Чуть ли не каждый, кто хотел, мог войти во дворец. Весь первый и второй этаж, кроме личных покоев принцессы, были приспособлены для приема продавцов и покупателей обоего пола. От терпкого запаха свежеоструганных пихтовых досок першило в горле, нигде невозможно было укрыться от стука молотков. Лакеи не знали, кого слушать. Аукционисты бегали потеряв голову.
На главном крыльце в окружении штаба спекуляторов стоял дворянин, разодетый в бархат, шелк и кружева; все пальцы его были унизаны перстнями, а на шее висела драгоценная цепь. То был господин де Пероль, наперсник, тайный советник и правая рука хозяина дома. Он не слишком постарел. Господин де Пероль был все такой же худой, желтый, сутулый, а его большие, с волчьим выражением глаза все так же взывали к моде на очки. У него уже были свои прихлебатели, и он вполне их заслуживал, поскольку Гонзаго весьма щедро платил ему.

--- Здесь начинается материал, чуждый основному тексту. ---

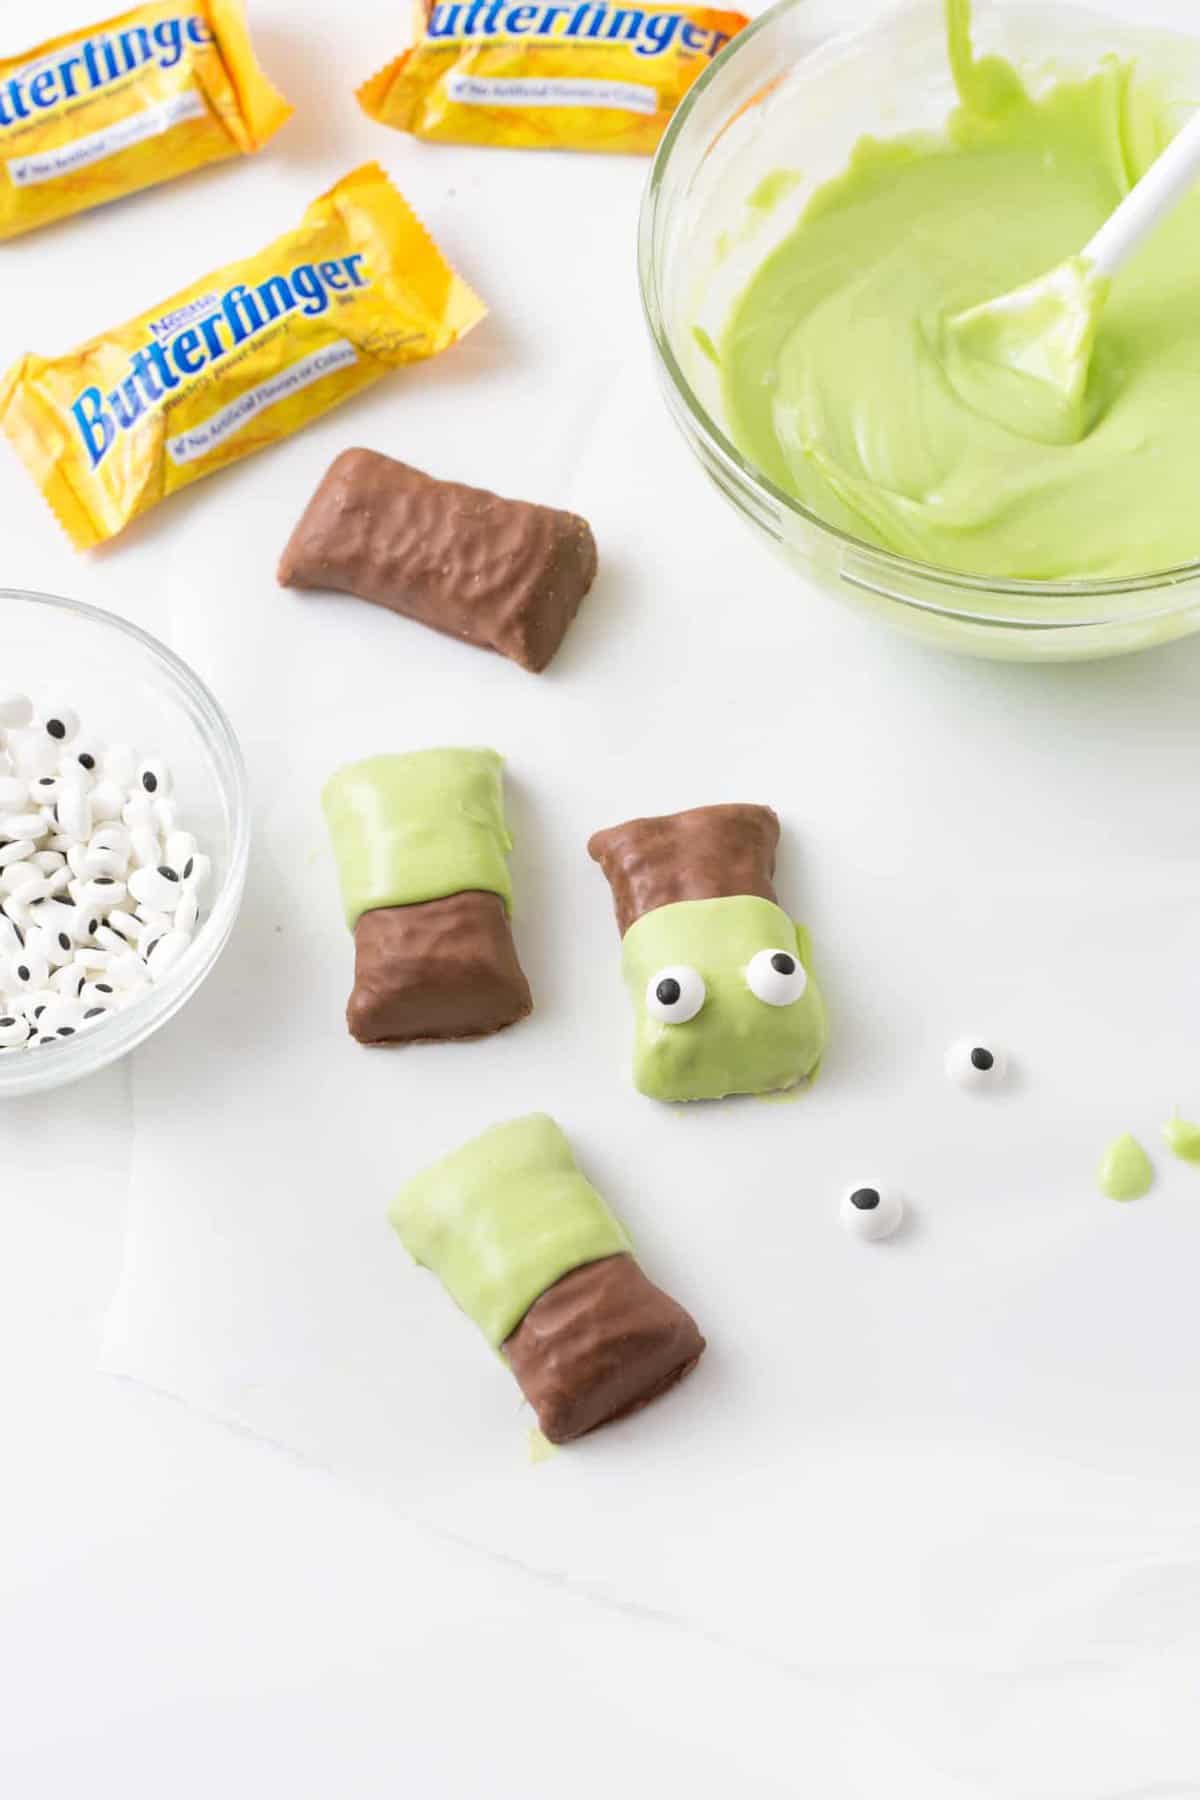 Butterfinger candy bars dipped in melted green almond bark then decorated with candy eyeballs on top to look like Frankenstein.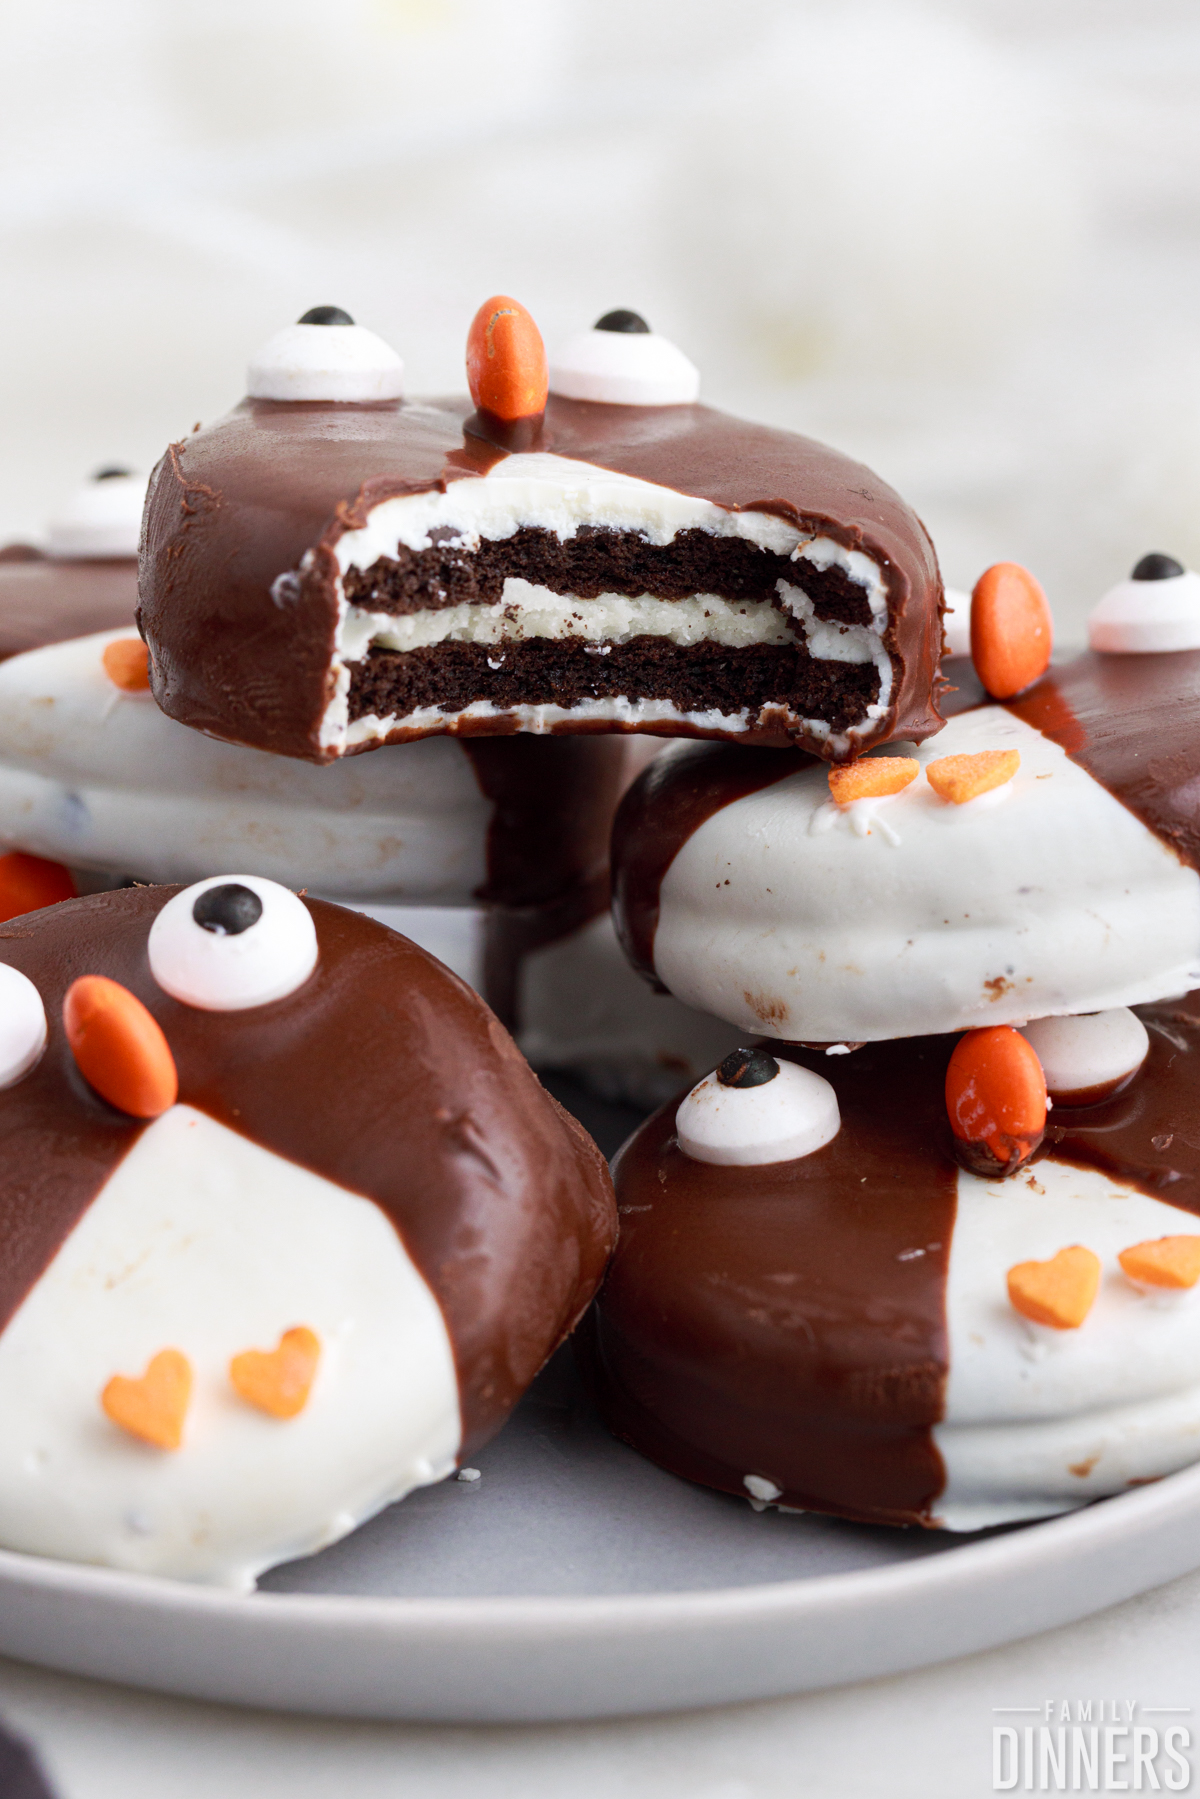 stack of penguin decorated cookies. Top cookie has a bite out of it.

Часов около девяти, когда сутолока немножко уменьшилась, поскольку даже у спекуляторов возникает обременительная потребность подкрепиться, в ворота вошли с небольшим интервалом два человека, мало похожие на финансистов. Хотя вход был свободный, оба визитера, судя по их виду, были не вполне уверены, имеют ли они на это право. Первый весьма неловко скрывал неуверенность под нарочитой бесцеремонностью; второй же, напротив, старался держаться как можно смиренней. У обоих на боку болтались шпаги такой длины, что уже за три лье чувствовалось, что люди эти – драчуны и забияки.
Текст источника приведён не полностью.